C. Multi-threaded variant
Wrap CounterStore in a sync primitive and run N workers. The point
is not to demonstrate scaling — Mutex<BTreeMap<…>> won't scale —
but to demonstrate the difference between coarse locking, sharded
locking, and lockfree updates. Each language has different idioms here
(parking_lot vs std::sync, sync.Map vs atomic, std::shared_mutex
vs std::atomic), and the cross-language comparison becomes a
language-features comparison.
D. Snapshot replay / log shipping
Right now dump_snapshot produces bytes that are only used for hashing.
Add a restore_snapshot and a small "log" of operations (just the
sequence of (op, k, by) triples), and you have a tiny replicated
store. Connect three nodes via a deterministic schedule and you have a
toy version of db-23.
E. Energy and not-time metrics
On Apple Silicon, powermetrics --samplers cpu_power can give you
energy per op. The relative energy of the Rust / Go / C++ implementations
on the same workload is a more honest "which is more efficient" claim
than throughput, because it folds in stalls, branch mispredictions, and
memory bandwidth.
F. Comparison with off-the-shelf benchmark frameworks
Run the same workload under criterion (Rust), go test -bench, and
Google Benchmark (C++). Compare:
- Their reported throughput vs ours.
- Their reported variance.
- The shape of their output.
The lab's homegrown harness will look crude in comparison, and that's the point — the exercise of measuring the difference is more educational than the difference itself.

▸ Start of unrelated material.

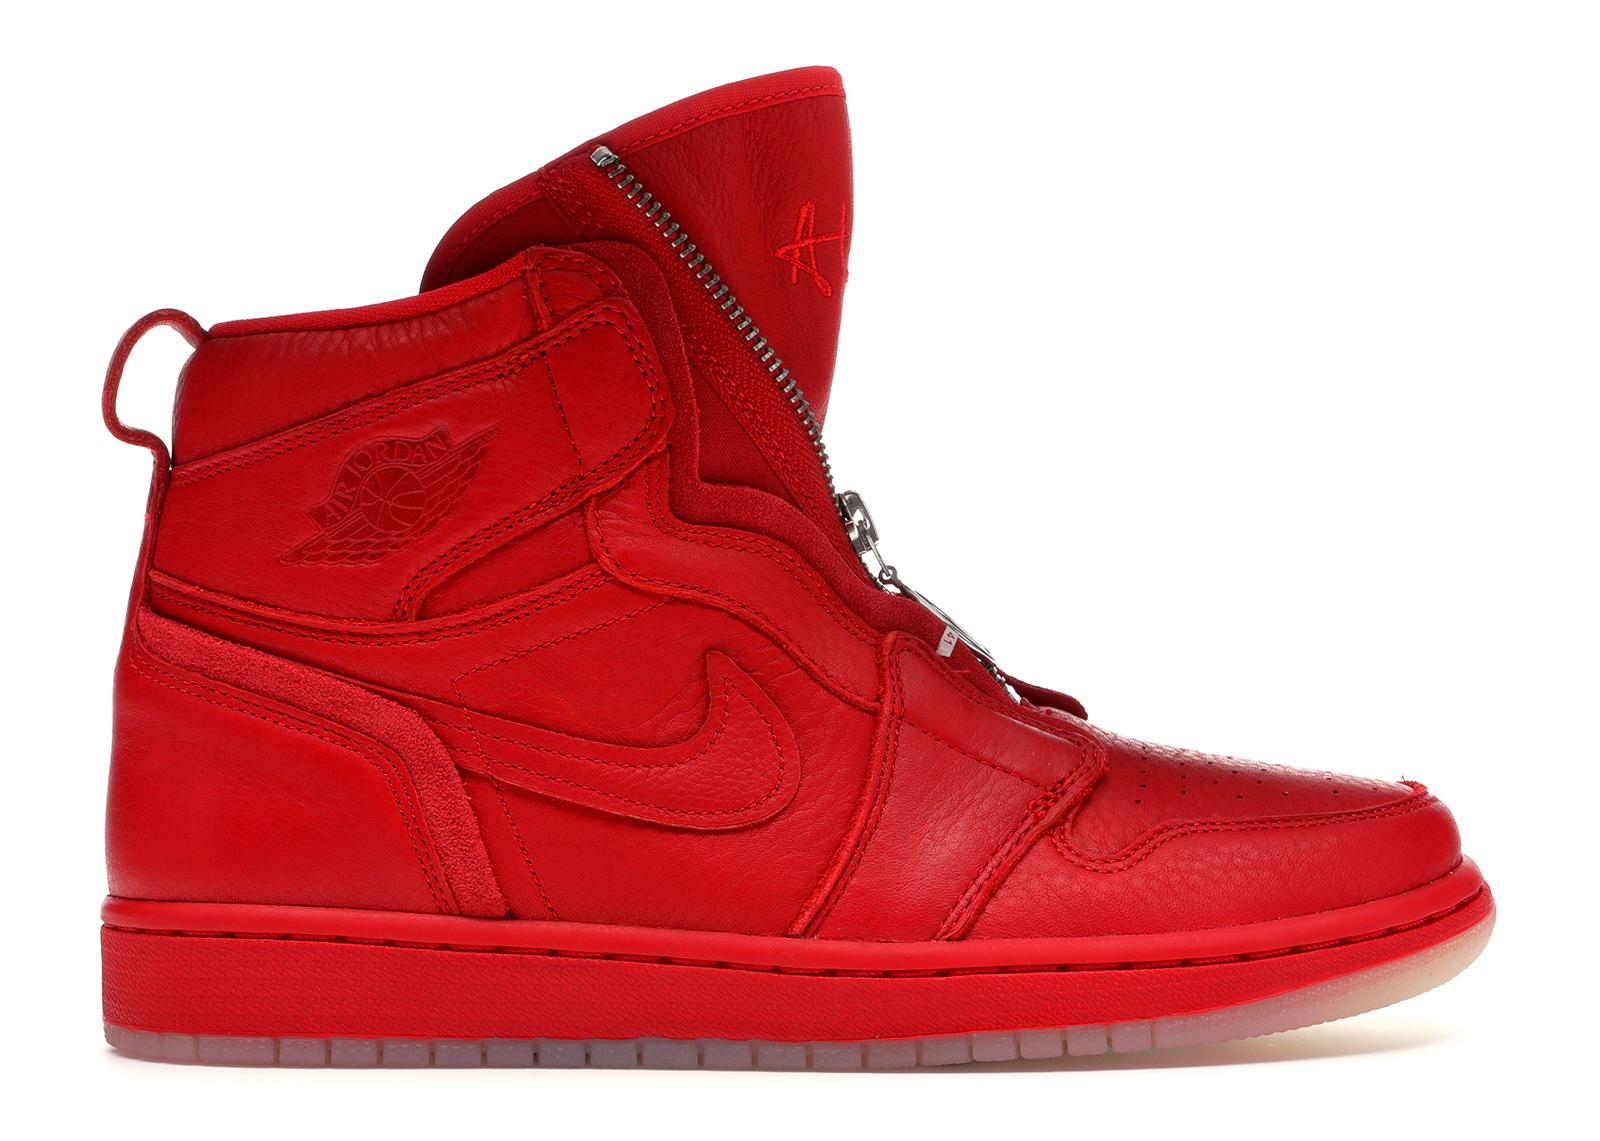 Jordan 1 Retro High Zip AWOK Vogue

G. Worst-case scenario discovery
Use coverage-guided fuzzing on the workload generator (with the saturating-decrement invariant as the asserted property) to find a seed/ops/keys combination that maximizes either throughput or memory pressure. This connects perf work to the fuzz/property-test discipline used in db-13 and db-15.
H. Cross-architecture verification
Run the existing scripts/cross_test.sh under qemu-user-static for
aarch64 / x86_64 / riscv64 and confirm the hashes still match. They
should — the wire format is little-endian and the arithmetic is
all 64-bit — but the only way to be sure is to actually do it.
I. Cache-aware redesign of CounterStore
std::map / BTreeMap / sorted-Go-slice all use pointer-rich tree
structures. A flat sorted array with binary search would be slower for
insert but dramatically faster for the iteration step (which is the
critical path in dump_snapshot). For a workload that touches each
key only a handful of times before snapshotting, the array would be
worth measuring.
J. The "ten percent rule"
A small operational rule we picked up doing this lab: any perf change worth claiming must move the bench number by more than ten percent. Below that, run-to-run noise on a laptop dominates. Above that, you can usually attribute the change to a specific code path. The harness is deliberately not precise enough to defend a 2% claim, and that's a feature.